_Problem description:_
Begin your copy at the line with "Järnefelt Heli, Hublin" in the records below and end it at the line with "Технология выращивания белокочанной", restating each line word for word; omit the pictures.

_Extracted material:_
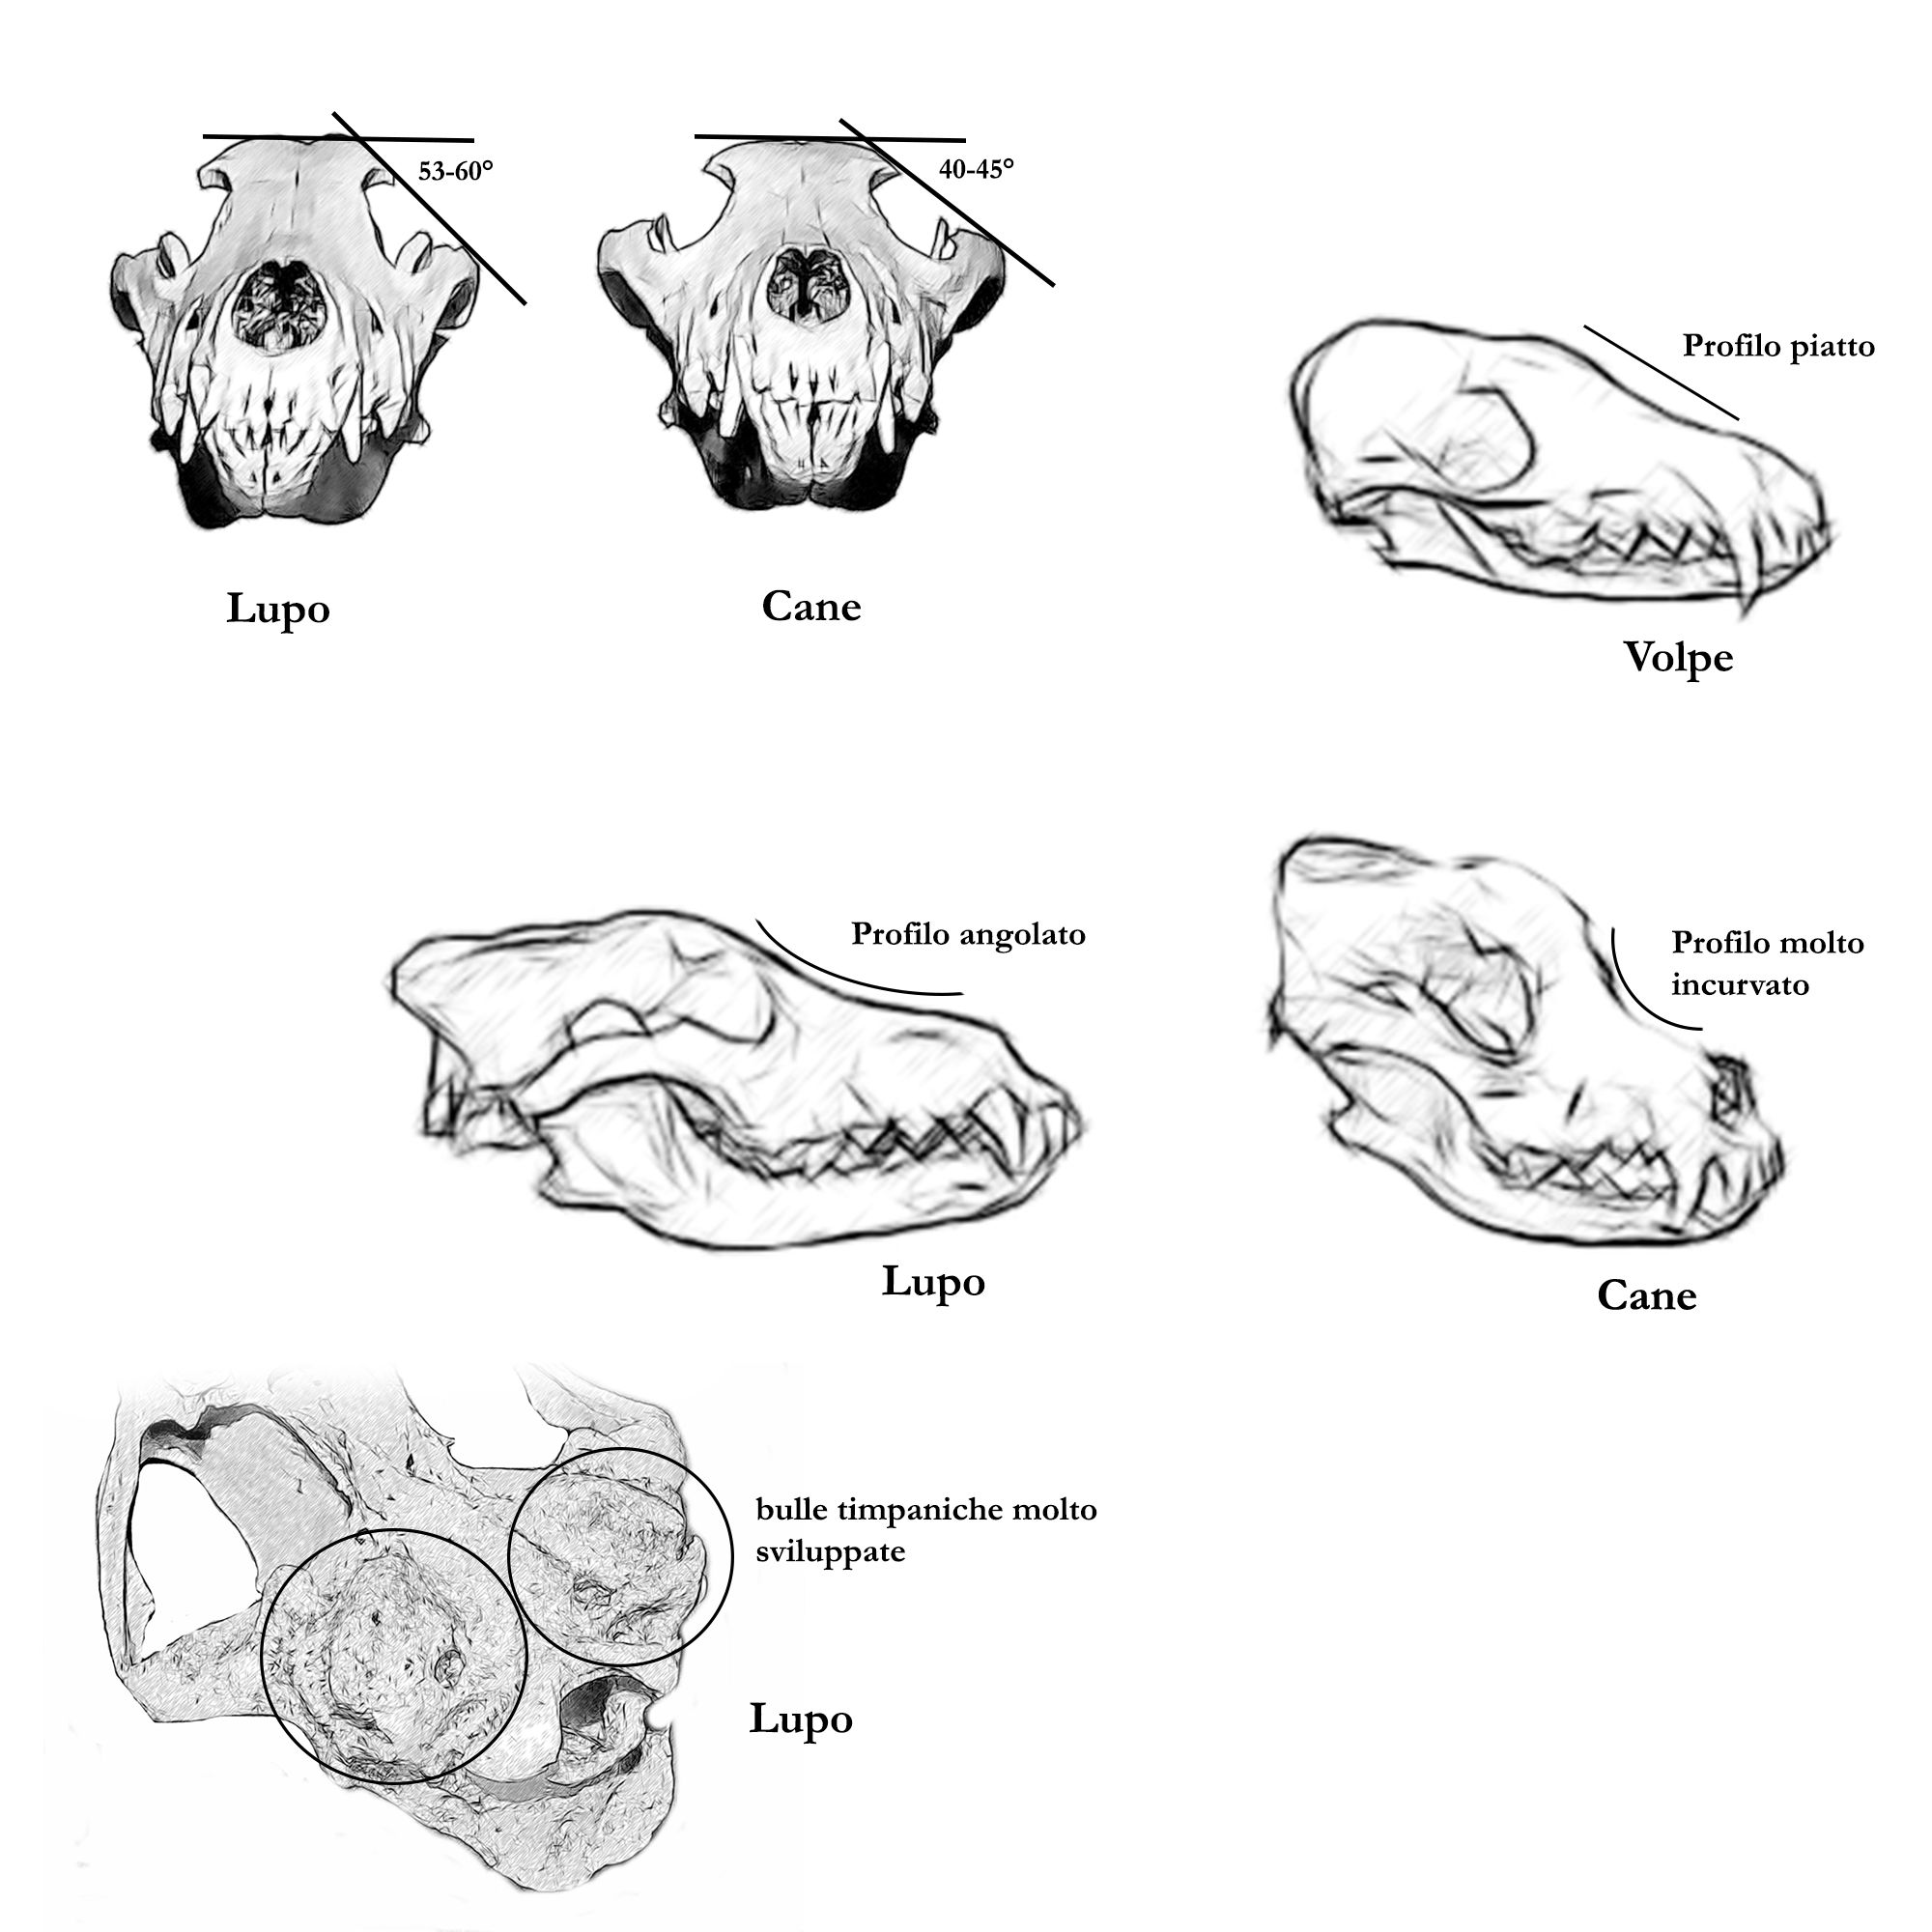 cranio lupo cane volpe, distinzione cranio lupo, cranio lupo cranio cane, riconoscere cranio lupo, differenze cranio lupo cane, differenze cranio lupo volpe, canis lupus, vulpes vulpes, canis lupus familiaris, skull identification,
--
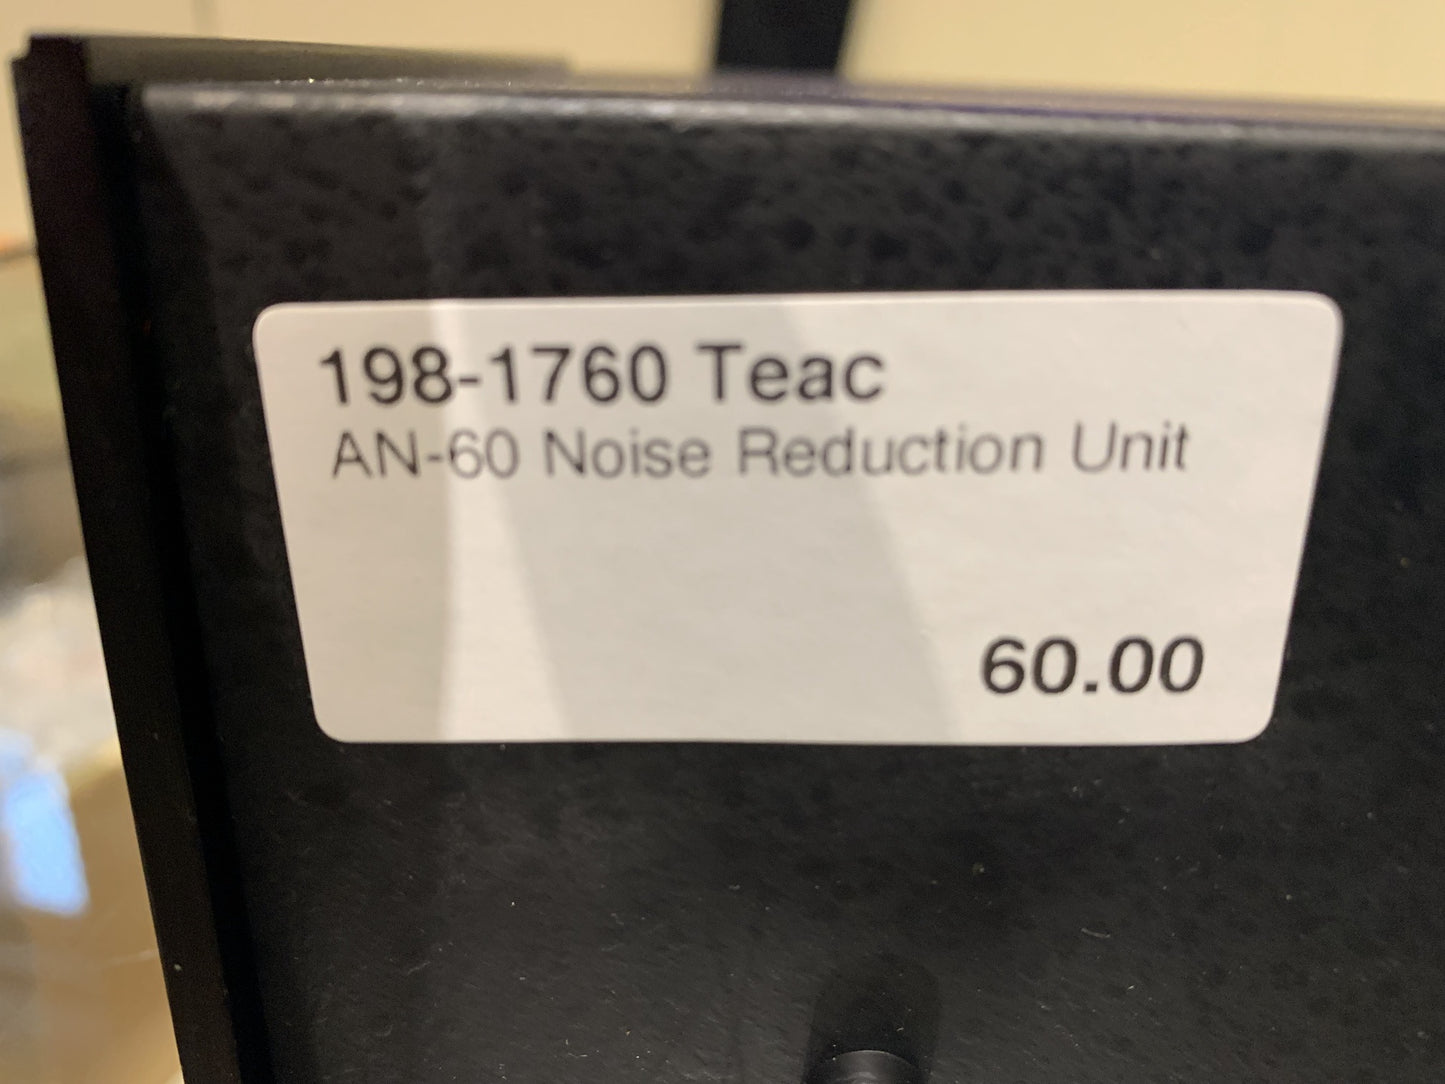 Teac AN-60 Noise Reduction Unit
...
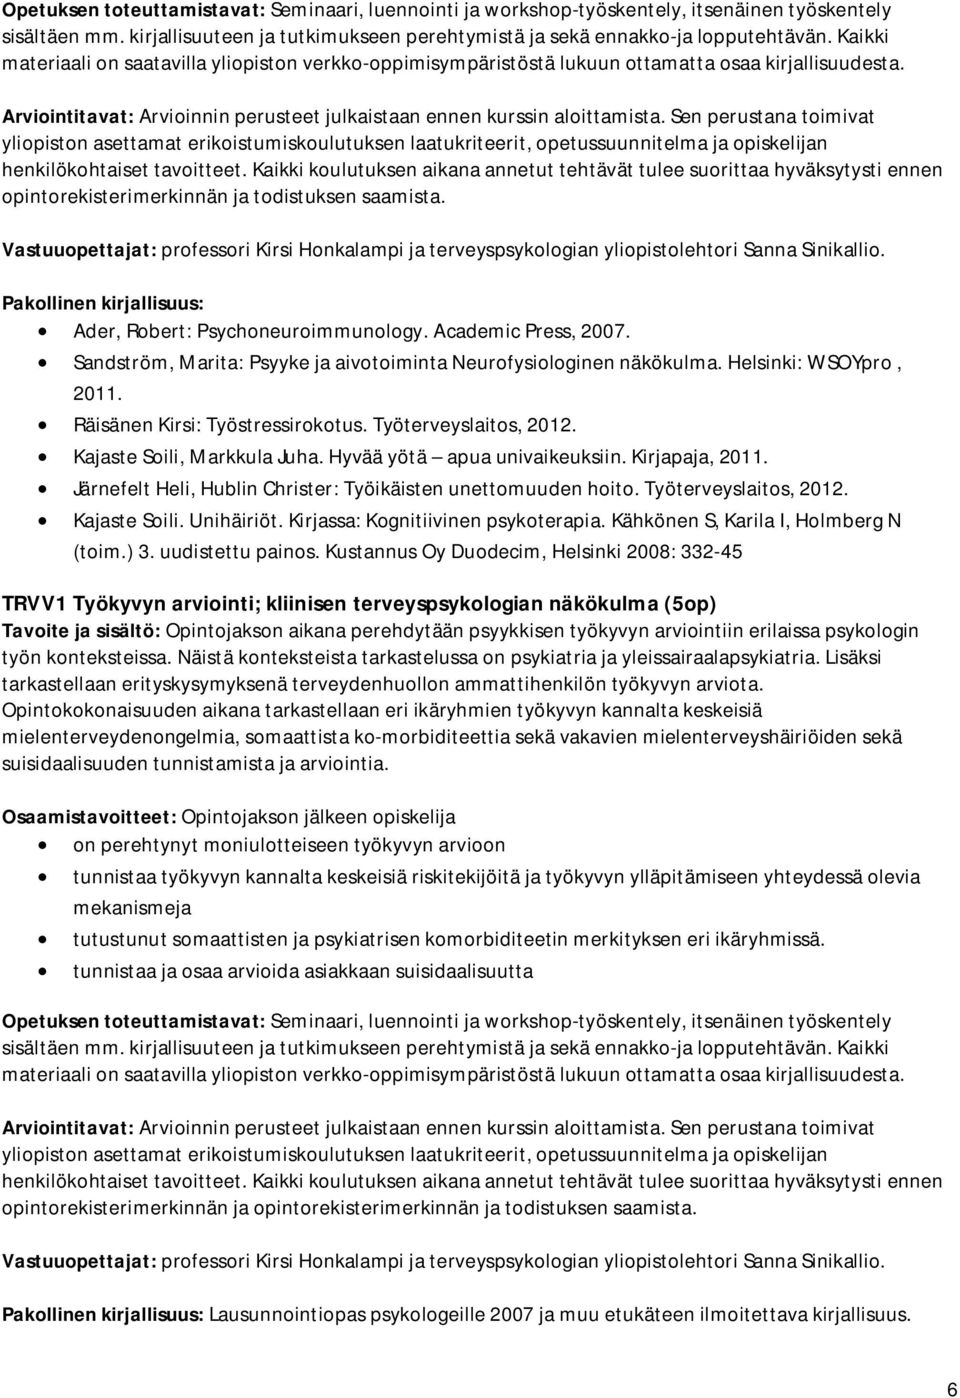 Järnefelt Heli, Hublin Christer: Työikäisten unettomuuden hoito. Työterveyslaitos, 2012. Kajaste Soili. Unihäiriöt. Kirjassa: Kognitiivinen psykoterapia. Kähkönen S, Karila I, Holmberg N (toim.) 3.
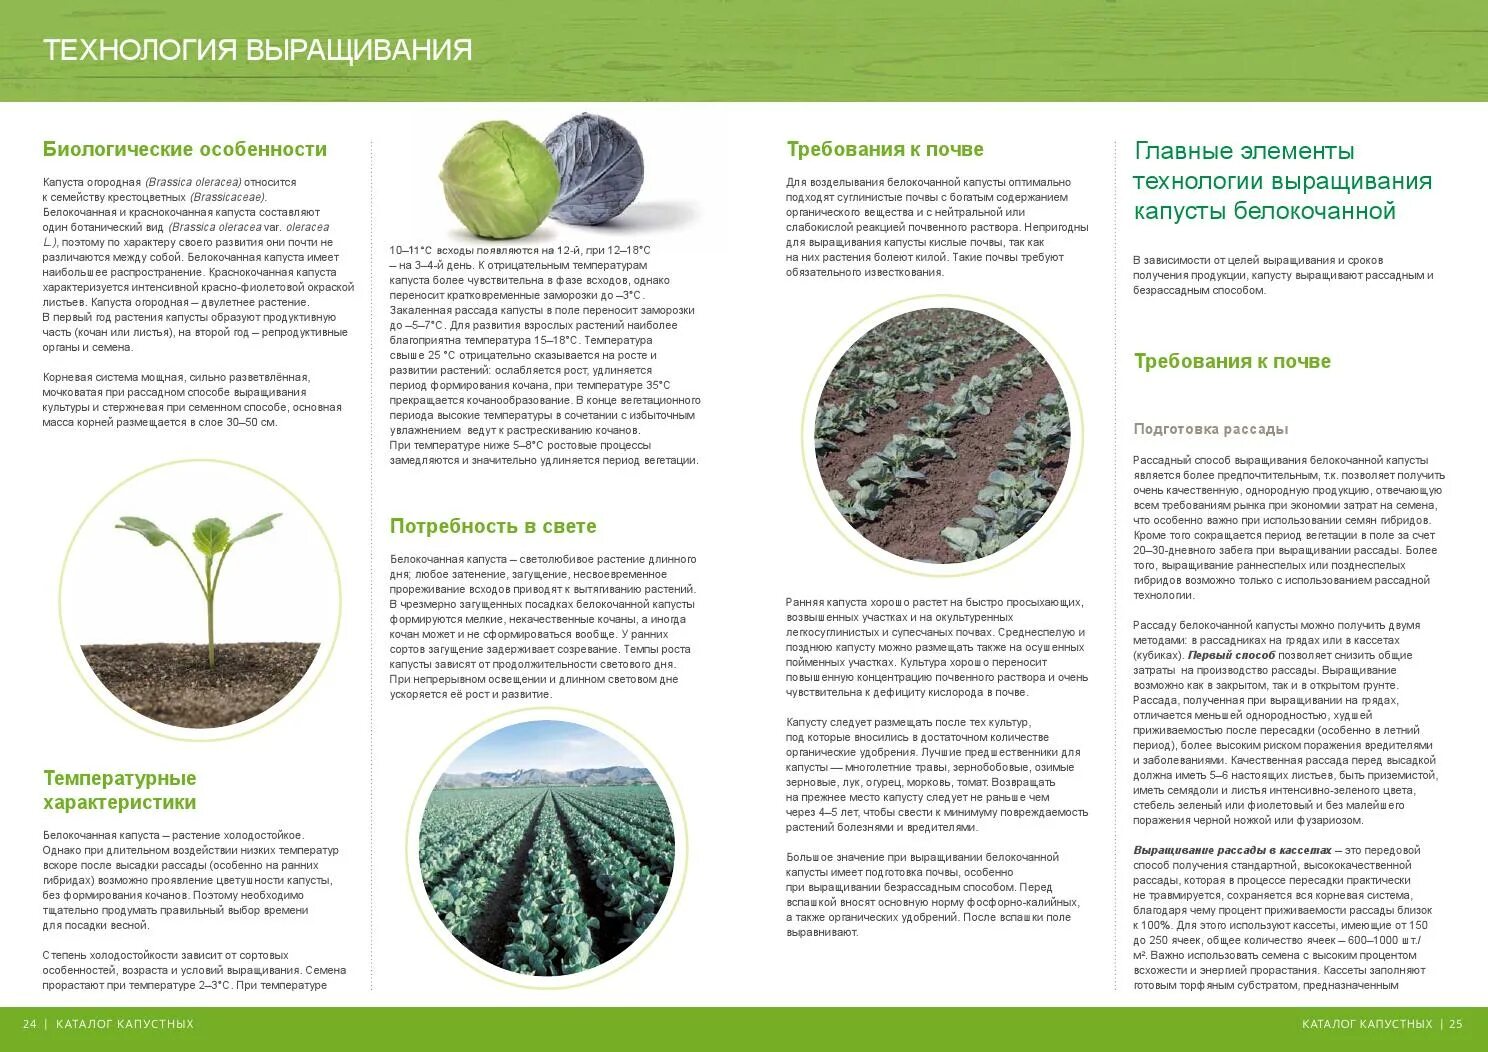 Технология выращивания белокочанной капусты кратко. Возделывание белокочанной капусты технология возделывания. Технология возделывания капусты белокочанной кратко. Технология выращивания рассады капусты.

_Result of this exercise:_
 Järnefelt Heli, Hublin Christer: Työikäisten unettomuuden hoito. Työterveyslaitos, 2012. Kajaste Soili. Unihäiriöt. Kirjassa: Kognitiivinen psykoterapia. Kähkönen S, Karila I, Holmberg N (toim.) 3.
 Технология выращивания белокочанной капусты кратко. Возделывание белокочанной капусты технология возделывания. Технология возделывания капусты белокочанной кратко. Технология выращивания рассады капусты.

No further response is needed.